Money in ‘Minutos’ – $74,108 for Trafficking in Humans

Despite the objections of Director of Public Prosecutions Cheryl Lyn Vidal, convicted human trafficker Estela Gonzalez, 64, was fined Tuesday instead of confined for the crime which carried a sentence of 8 years. As Justice Adolph Lucas imposed fines totaling $74,108 on Gonzalez, representatives of her employer Raul Magaña slipped out of Court to pay it, in full.

Gonzalez was convicted for bringing a fifteen-year-old girl from Honduras in 2013 and employing her at the well known strip club and brothel Temptation Bar, located at Mile 10 on the George Price Highway. During the trial which concluded on February 10th, the girl testified that Gonzalez made her have sex with different men on three occasions, paying her $25.
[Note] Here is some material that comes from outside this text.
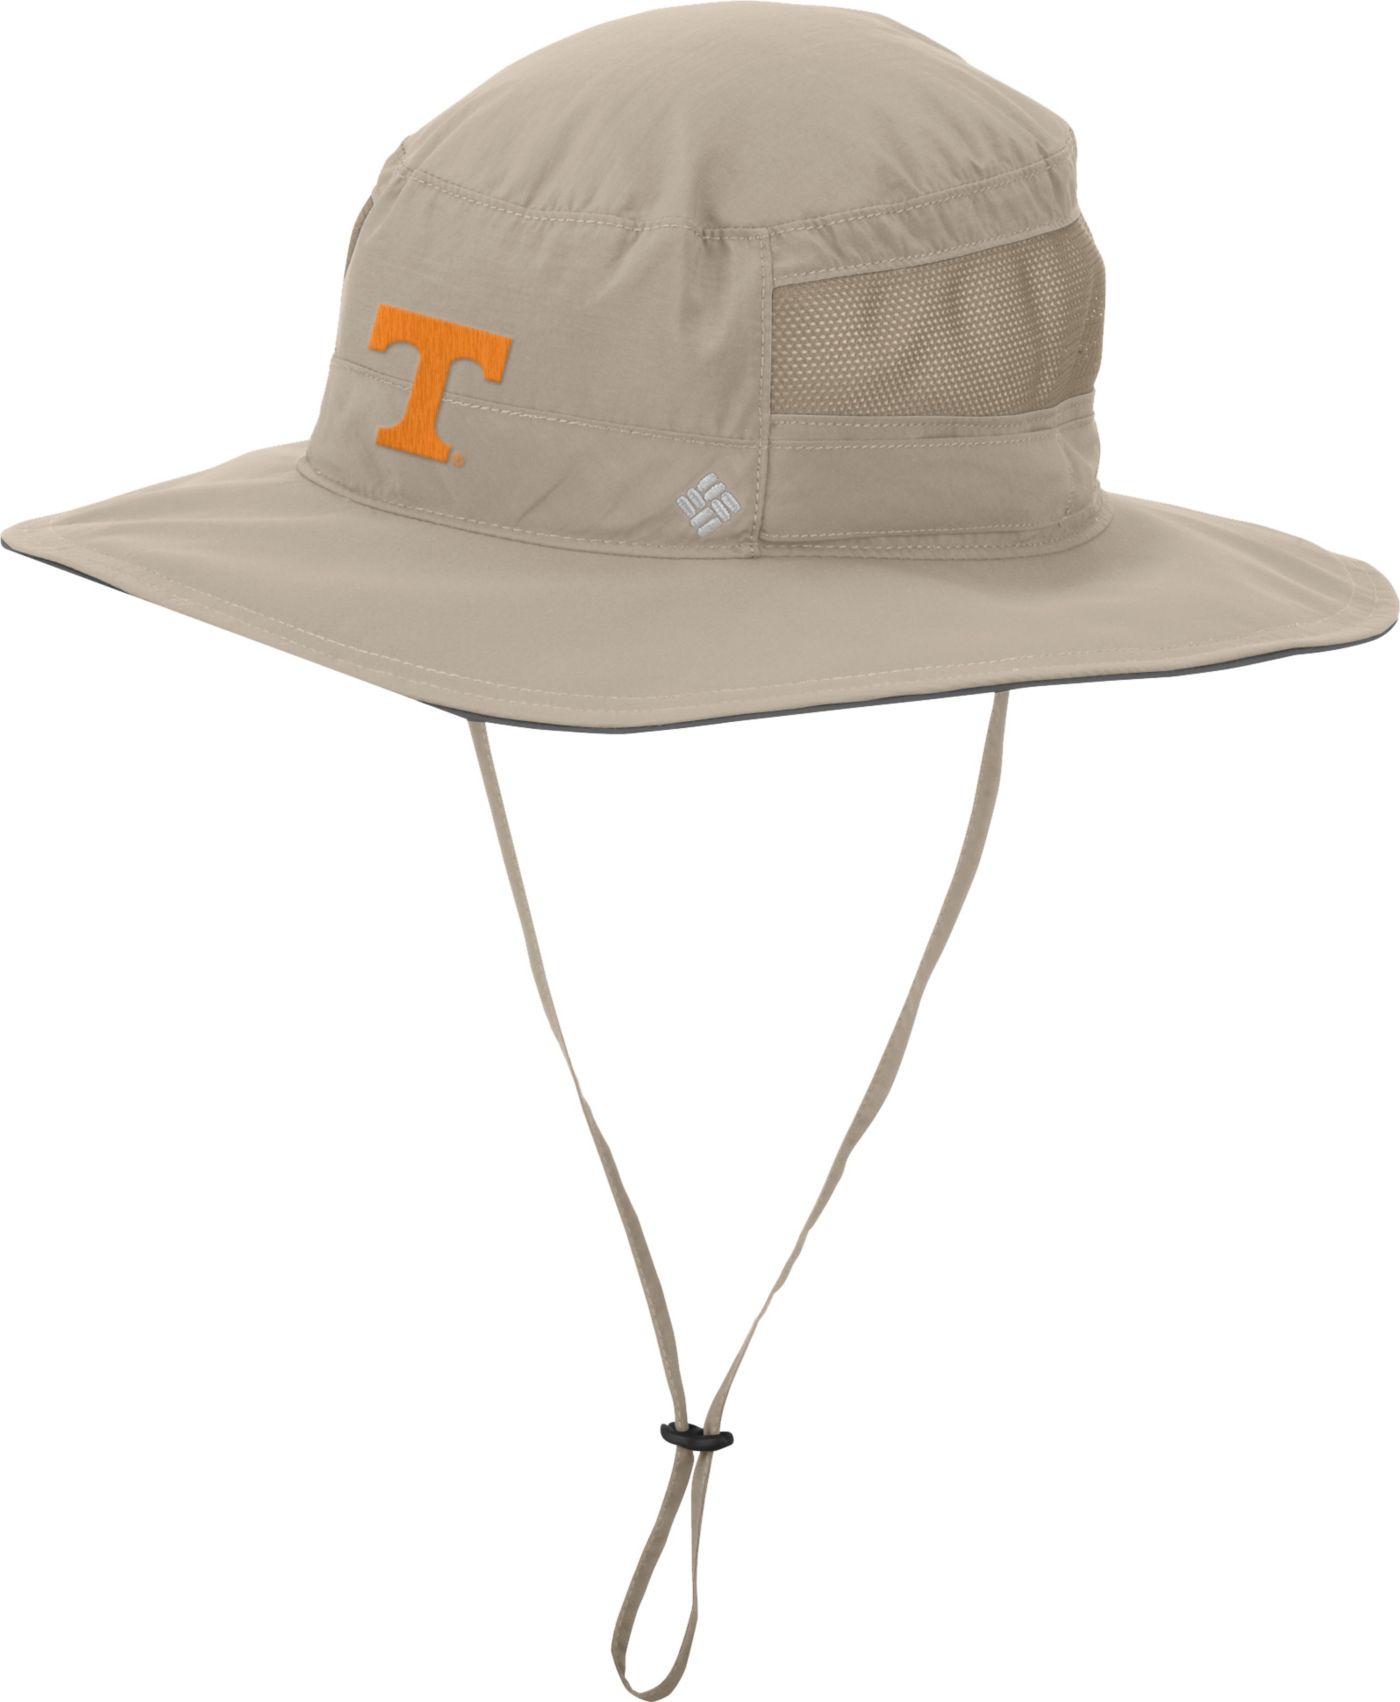 Columbia Men's Tennessee Volunteers Khaki Bora Bora Hat

As a direct fine for the offence of Trafficking in Humans, Justice Lucas imposed a fine of $30,000. As restitution to the Department of Human Services which has been custodian of the victim and will be until she is 18, Lucas tacked on an additional $28,520. He claimed that he came up with that figure based on a statement of expenses submitted by the Department. While he claimed he had some difficulty quantifying the suffering of the child while forced to work at Temptation Hill, Lucas did, and ordered Gonzalez to pay the victim $15,000, plus $588 for wages lost.
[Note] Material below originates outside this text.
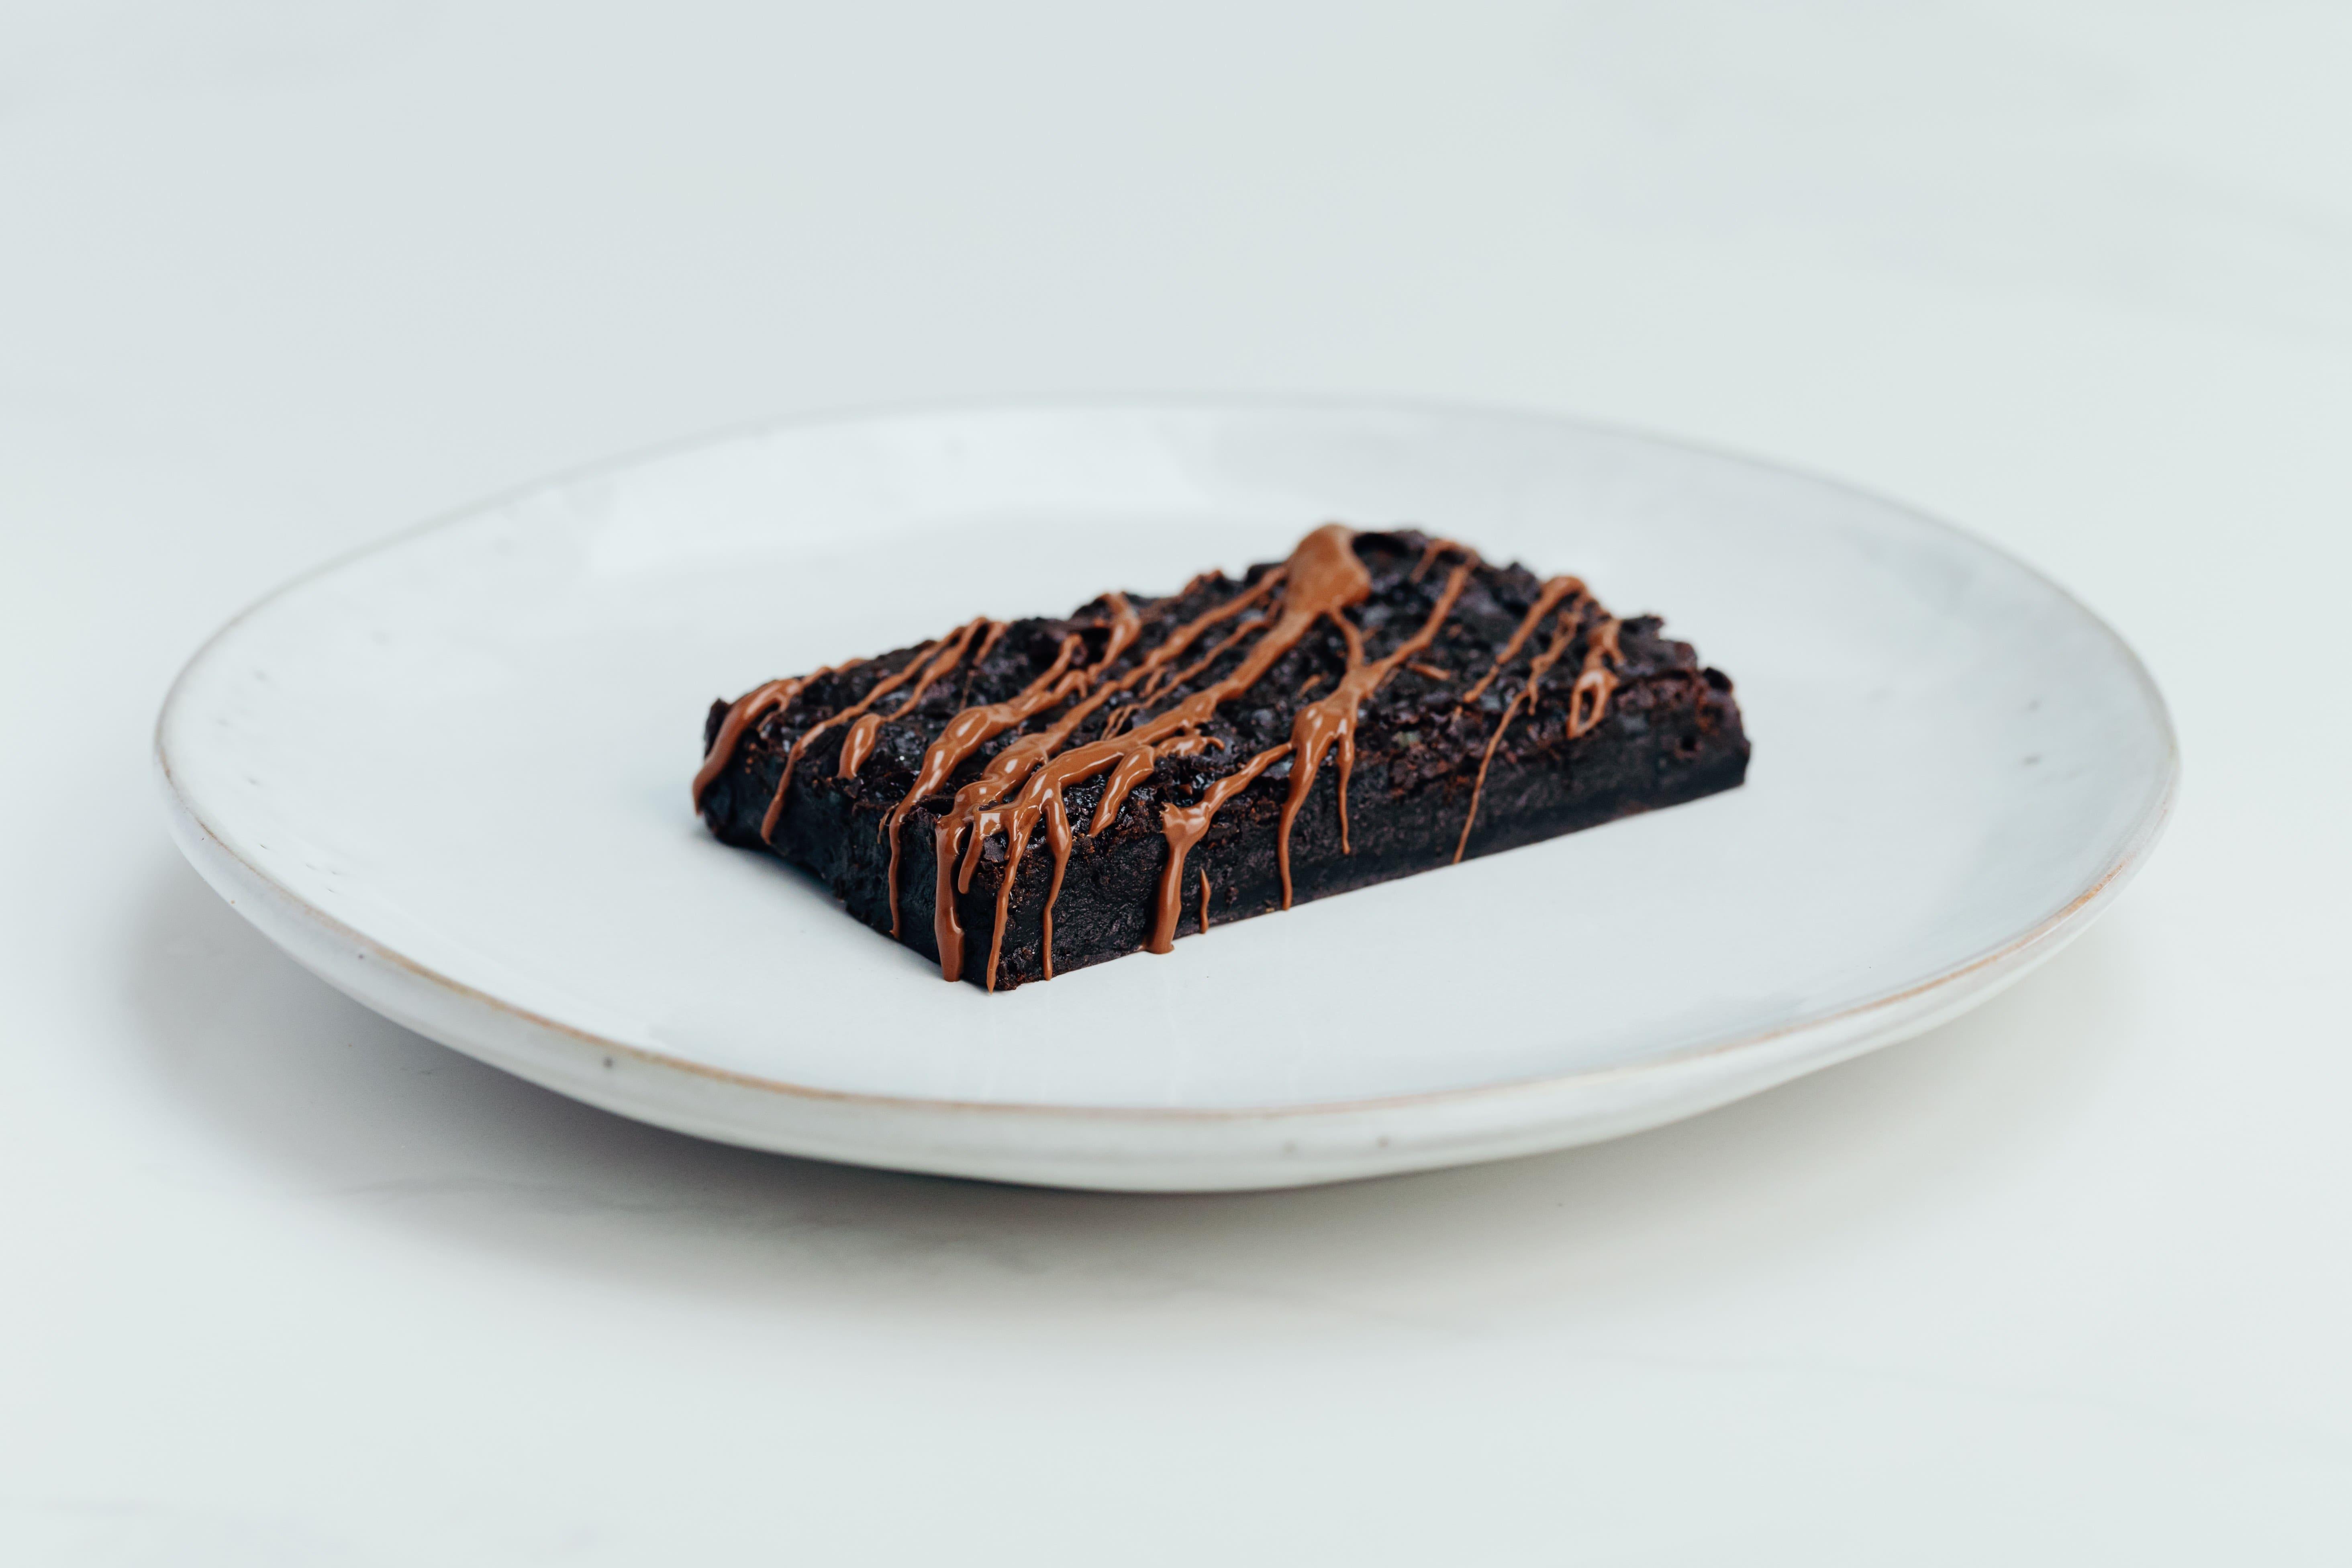 V & G/F Signature Chocolate

The case is notable because it is the first for Human Trafficking tried at the Supreme Court level. It is also notable in that the Judge used his discretion to apply a fine, rather than confinement for a crime of that nature. Lucas prefaced his decision with an explanation, telling the Court that he had heard pleas of mitigation from Gonzalez’s attorney Ellis Arnold, as well as doctors Fernando Cuellar and Javier Novelo.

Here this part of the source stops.